Richard Wordingham wrote:

>> But it does not follow from this that all English text written in the
>> Latin script should be tagged "en-Latn". Most of the time, the
>> assumption is correct and adequate. This is why the word SHOULD is
>> used, instead of MUST.
>
> That seems to answer the issue.  If the language tag is describing
> something that already exists, then if one may need to know the script
> from just the tag, one should not heed suppress-script - which is why
> the word 'SHOULD' is used.

If the content already exists, and one has retrieved it, and the language tag doesn't reveal the script, one can figure out what script it is written in by inspecting the content. This is just like the mechanic inspecting the car to figure out how many wheels it has.

I confess that I don't understand this exercise.

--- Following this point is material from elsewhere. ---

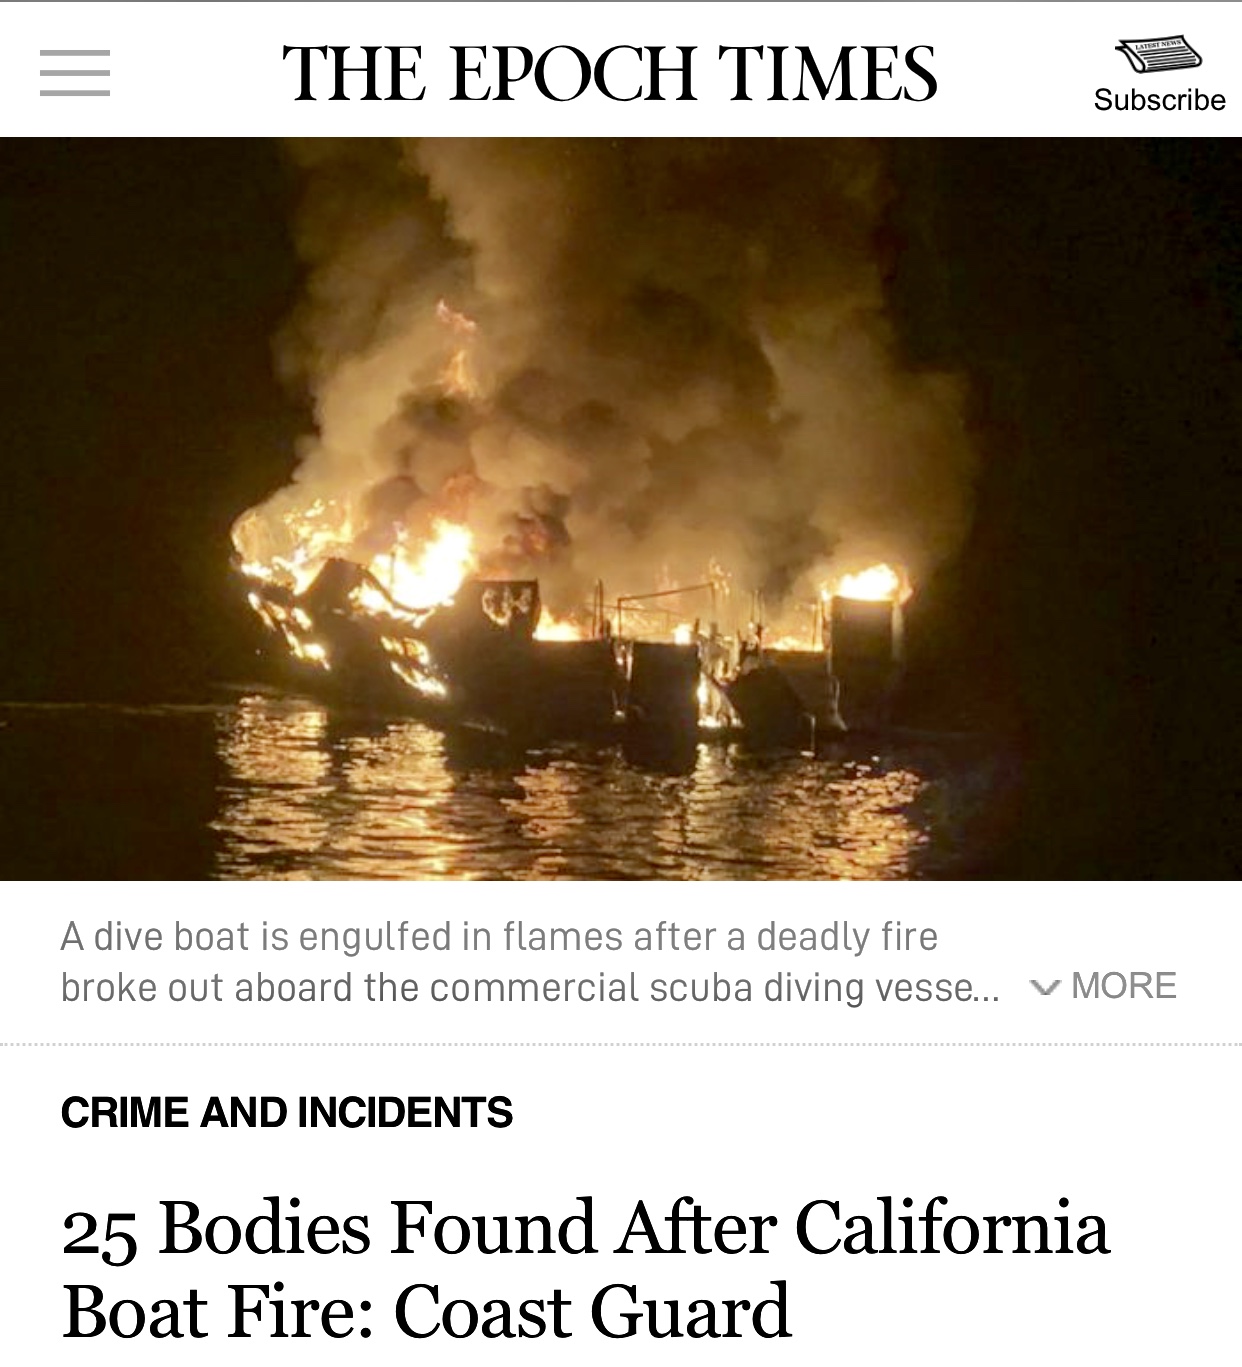 California boat fire: 25 Bodies Found After Boat Fire

> I was coming to the conclusion that the ambiguity between "en" for
> "en-Latn" and "en" for "English, but I won't tell you the script", was
> resolved by the tags Zxxx, Zyyy and Zzzz.  Then the latter meaning for
> text gets translated to en-Zyyy, and then the abbreviation of en-Latn
> to en is resolved by the suppress-script.

'Zxxx' is a different animal: "Code for unwritten documents" from ISO 15924 is interpreted here to mean that this content is not written. It doesn't necessarily mean that the language of this content is never written.

'Zzzz' is "Code for uncoded script," and that's pretty clearly intended by 15924 to apply to things like Voynich or Utopian that are, well, not coded.

Let me try again with the "undetermined" use case:

If I tag textual content as "en", I am not saying anything about the script. I am leaving it up to you, the recipient of the content, to figure out what the script is. Because it is English, the great likelihood is that the script is Latin. One way to find out would be to inspect the content.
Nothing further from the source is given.